Lime advises riders must be at least 16 years old to use the scooters, while Bird advises riders must be 18 years old or older with a valid driver’s license, according to its website.

Ride on streets, not sidewalks

The city requires by law that all scooters be ridden on streets and not sidewalks, just like bicycles. That said, Larsen said he can see a reason to briefly use a sidewalk, such as road congestion or blockage, although he still encourages riders not to ride on sidewalks.

“If you’re going to use the sidewalk, go down to walking speed until you can get back onto the bike lane and then open up the throttle,” he said.

Related:

Both companies also advise riders to only ride on the sidewalk if it’s legal.

“Do not ride on sidewalks other than as permitted by law. Use bike lanes when available and permitted by law,” Lime writes in a message that pops up for people who use the company’s app.

Bird offers a similar message, which states, “No riding on sidewalks unless local law requires or permits — it endangers members of our community who want to walk freely. … Ride in bike lanes or close to the right curb.”

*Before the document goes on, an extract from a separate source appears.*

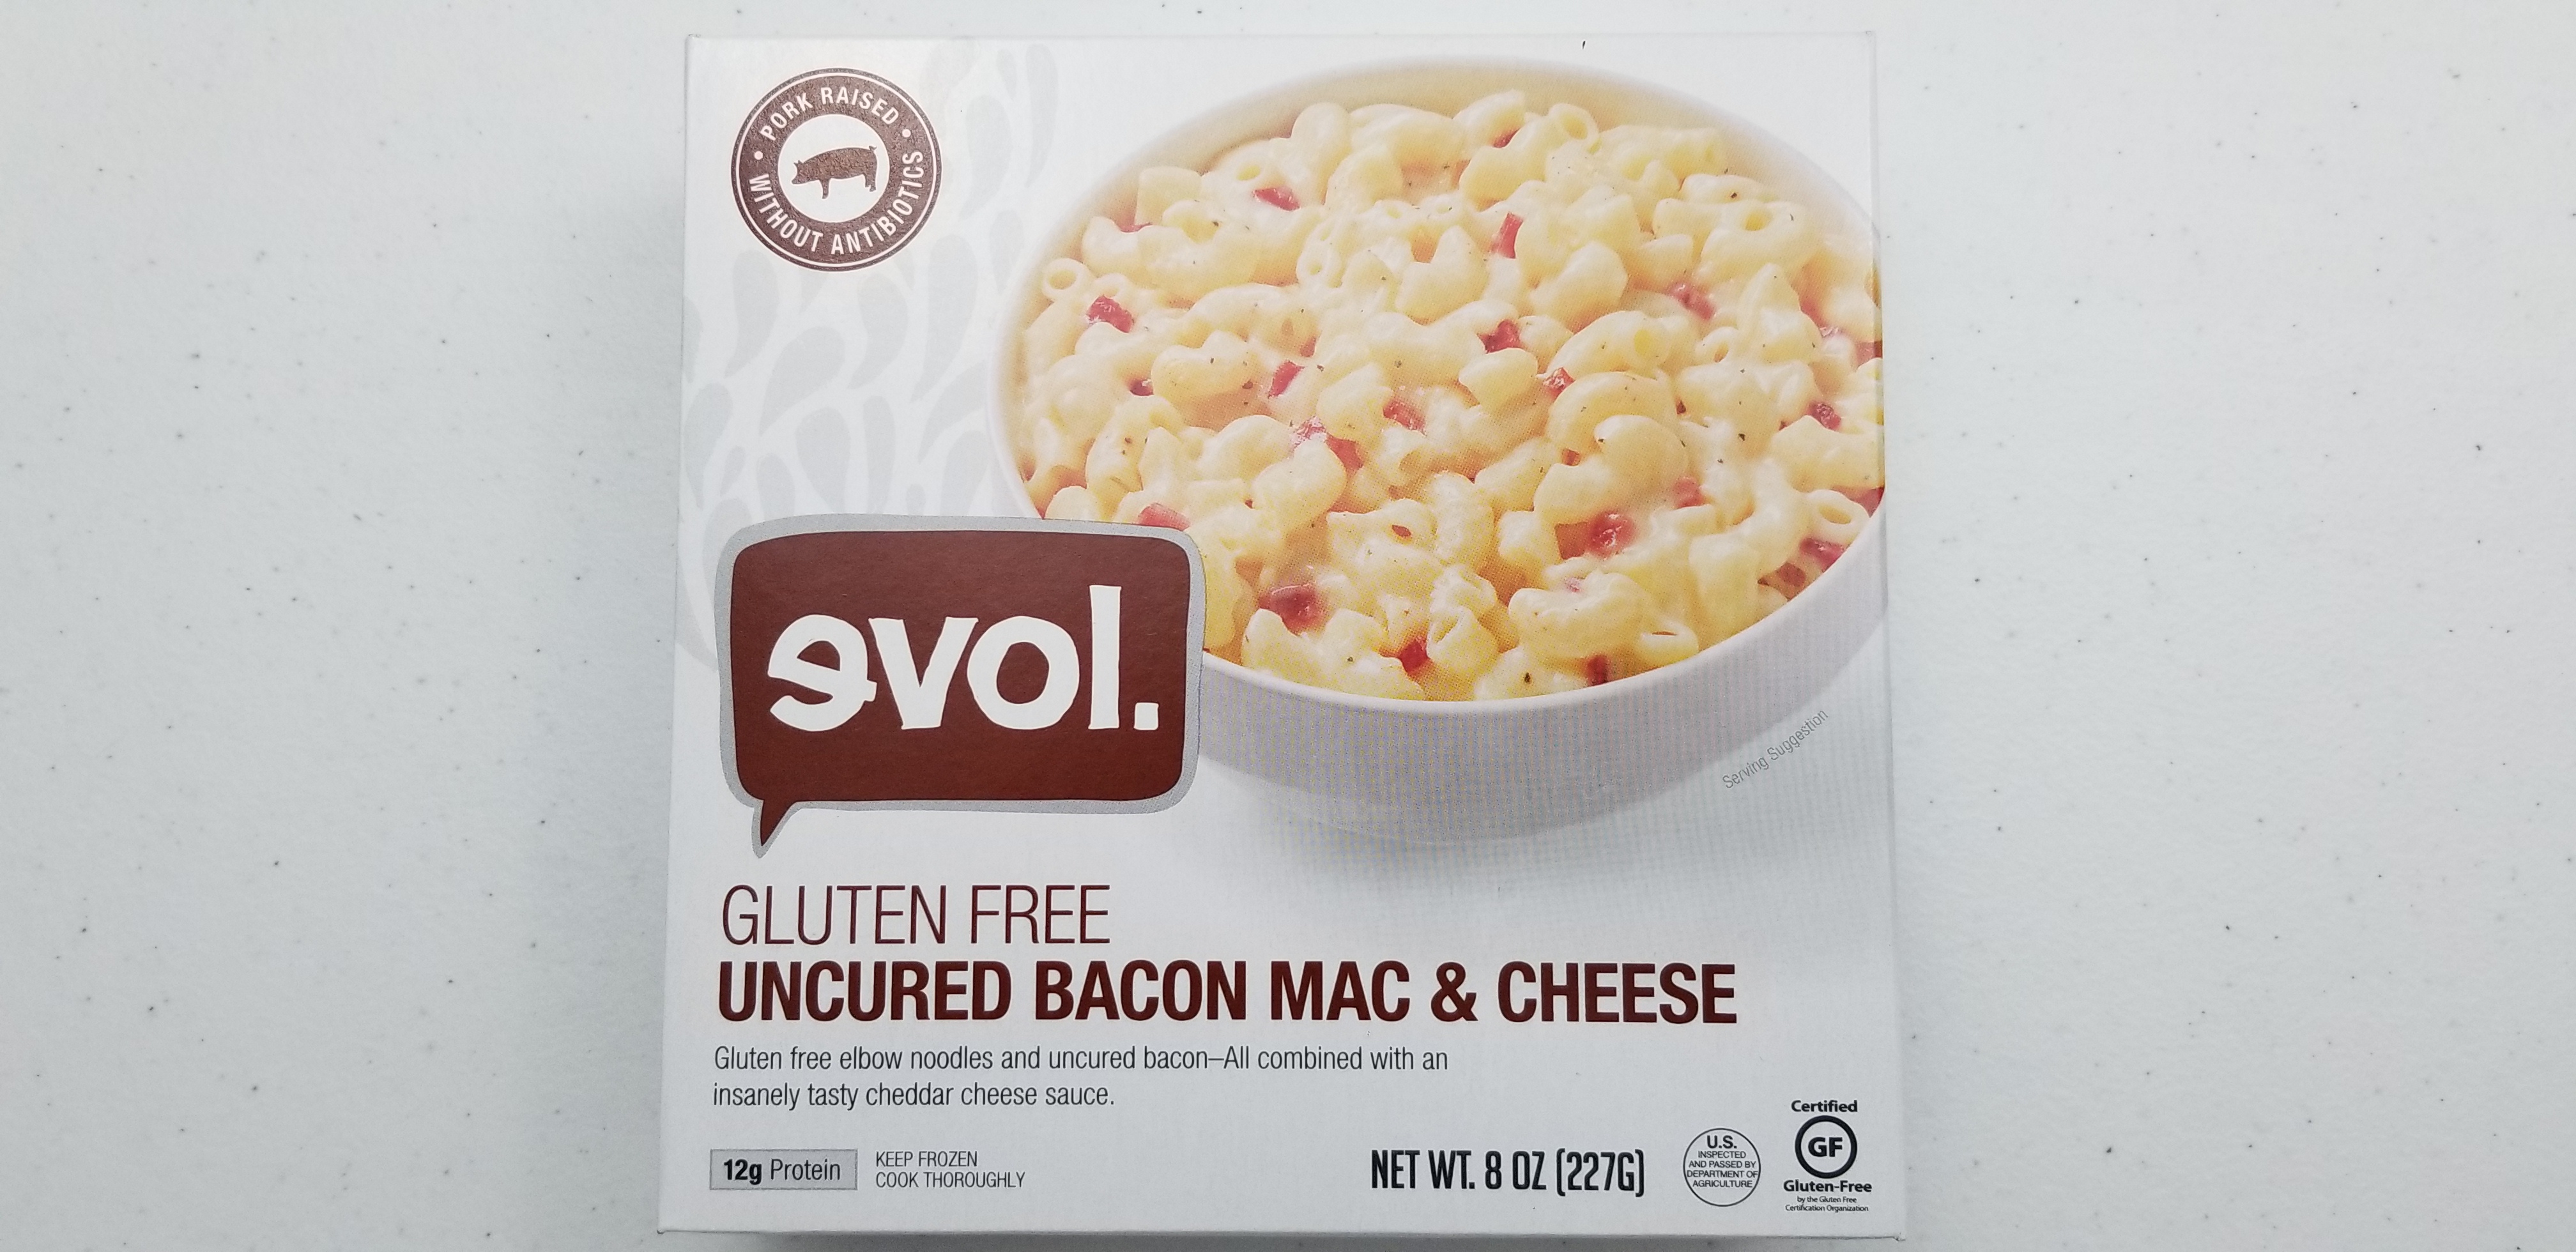 evol. gluten free uncured bacon mac & cheese

Riders must also follow street signs and signals.

Helmets

Salt Lake City has no law requiring a helmet while riding a bike or scooter, though Larsen said the city often encourages helmet use.

“For now, that’s probably the right stance on scooters, but maybe not? Maybe we need to require them on scooters — that’s something we will continue to explore,” he said.

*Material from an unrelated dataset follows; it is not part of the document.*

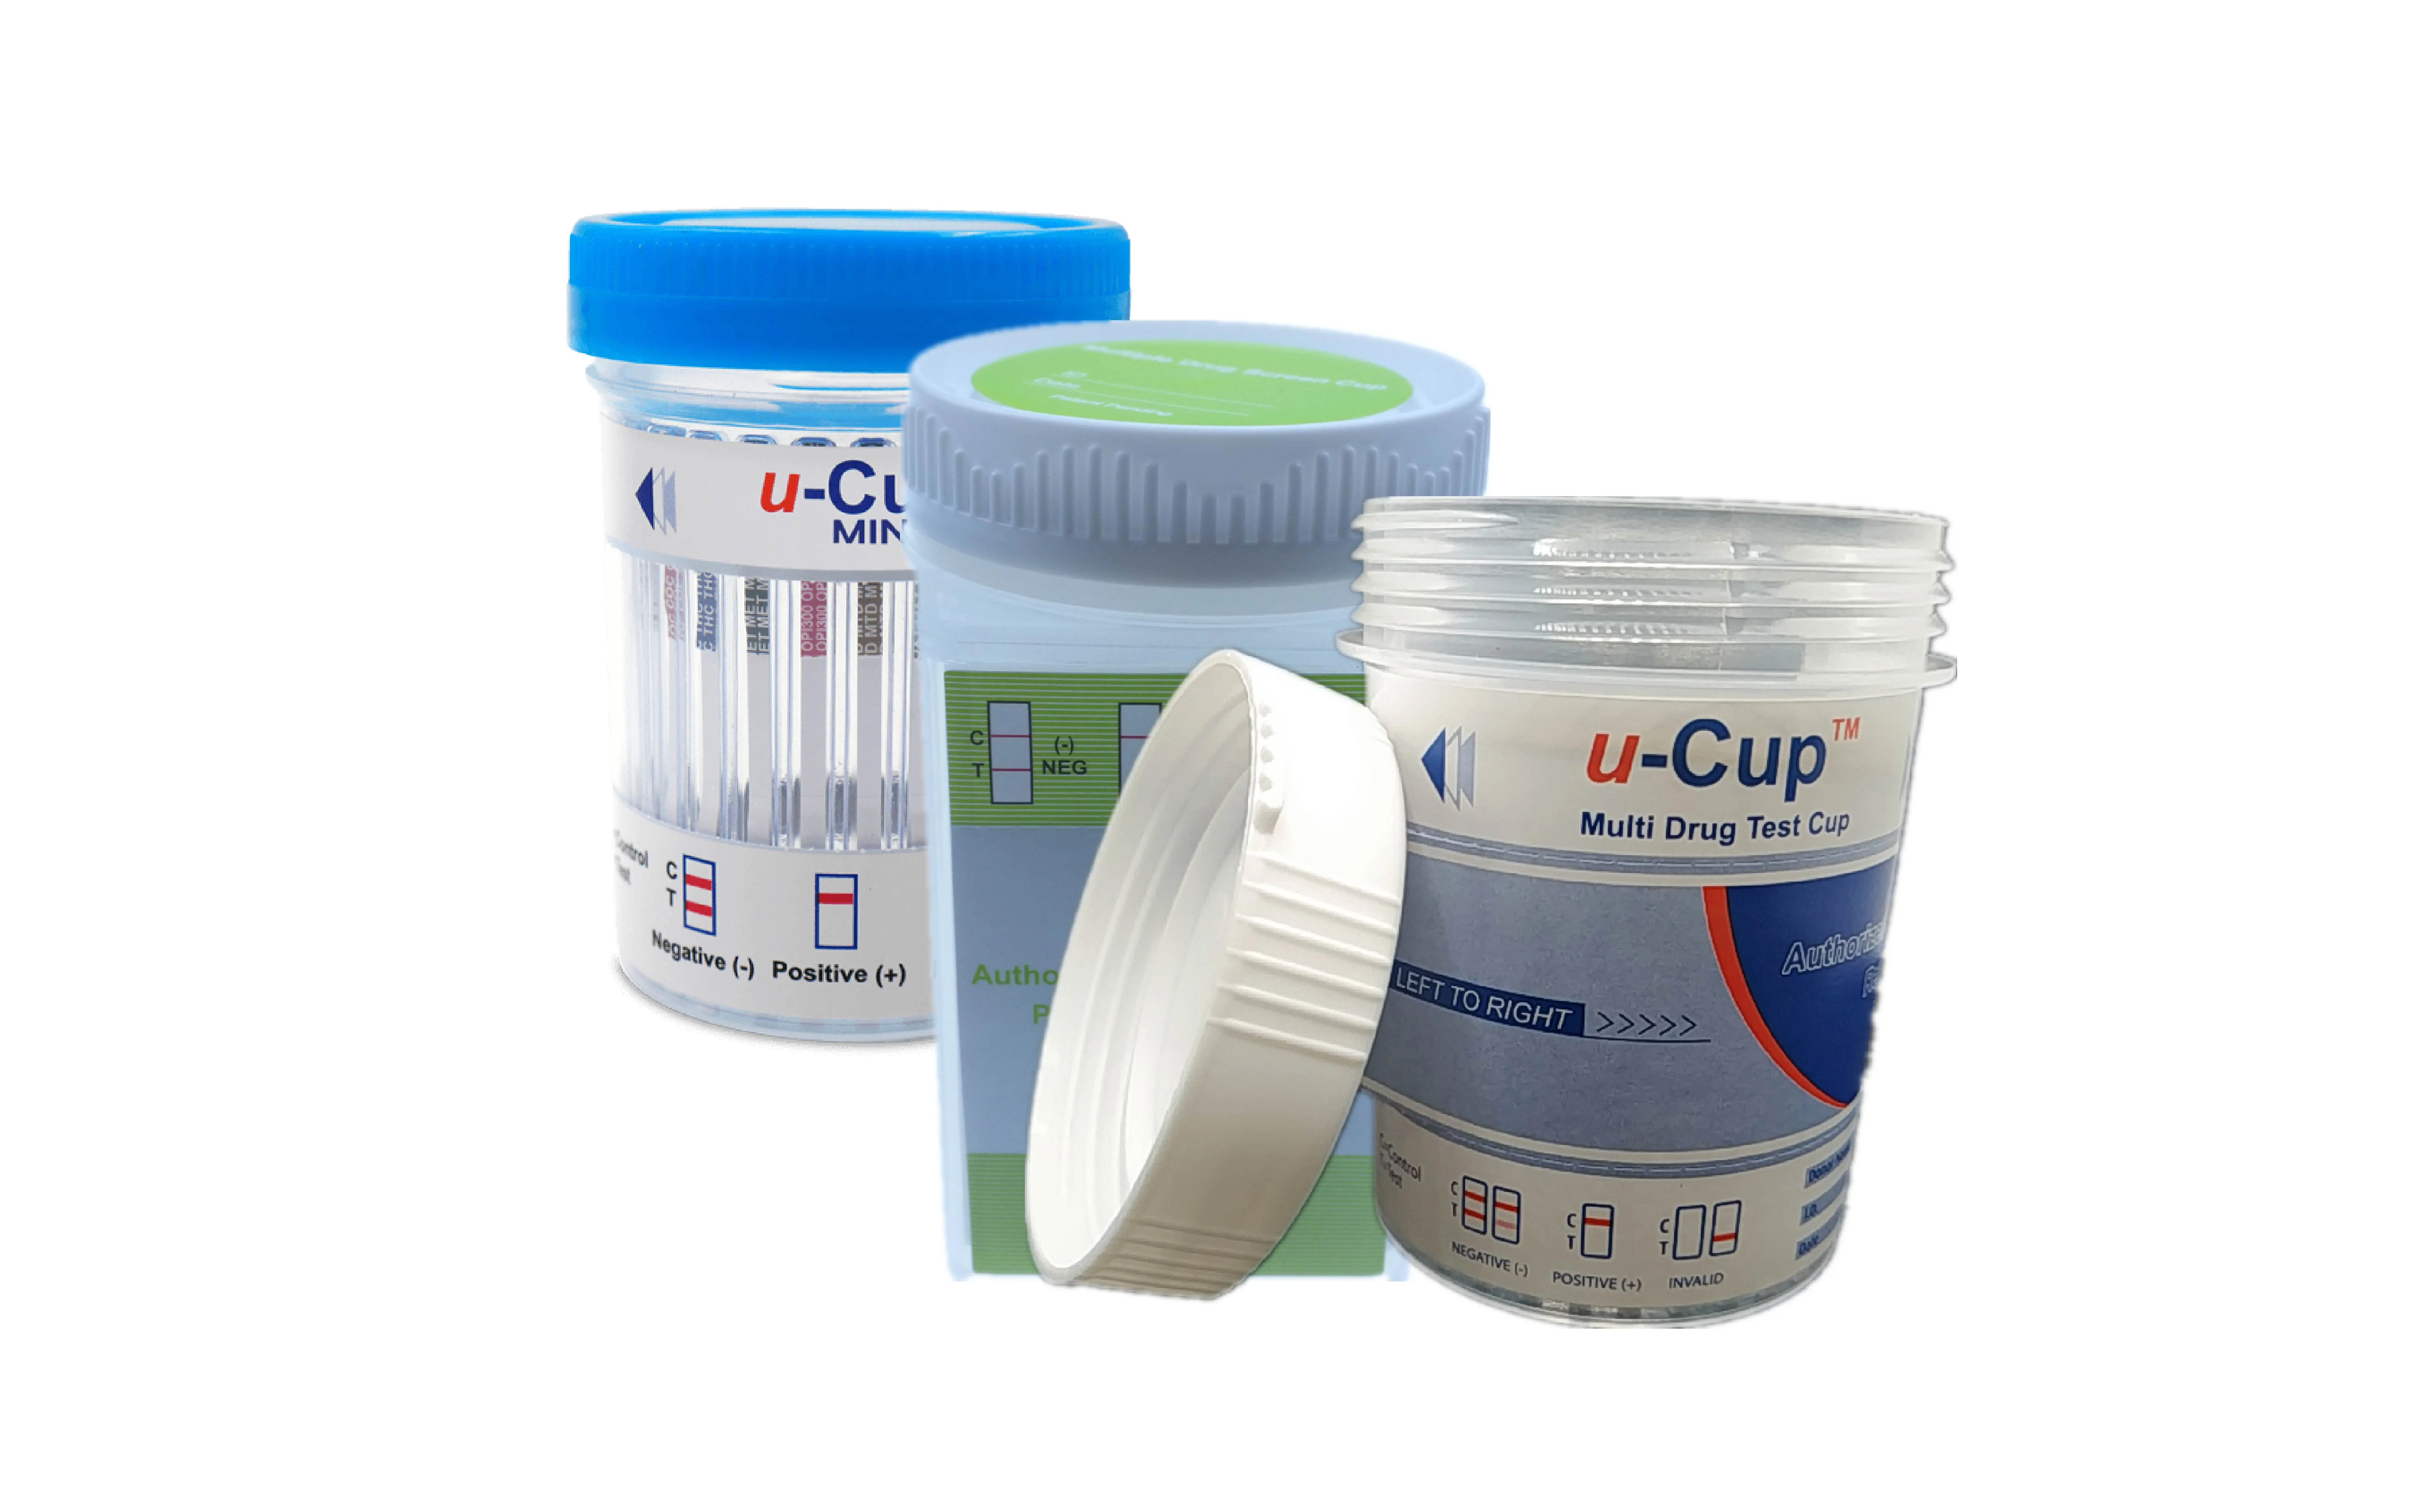 urine test cup

Bird suggests on its website that riders should wear a helmet, and offers helmets to users, who are charged shipping costs. The app also states riders must take at least one ride to qualify for a helmet.

Lime, on the other hand, requires riders under 18 to wear a helmet and for riders to follow local laws. The company’s app gives users the option to request a helmet.

Parking

In its app, Lime asks riders to park in "accessible spaces such as curbsides or by bike racks" and not in areas that block sidewalks, ramps or other pedestrian walkways.

Bird suggests the same, adding that people should not block driveways, access ramps or fire hydrants, and to avoid grass, gravel, rocks or any other uneven surfaces. It suggests people should park close to a curb, trees or street signs and that the scooter's kickstand is used.

Multiple users

Both companies require only one person on a scooter at all times.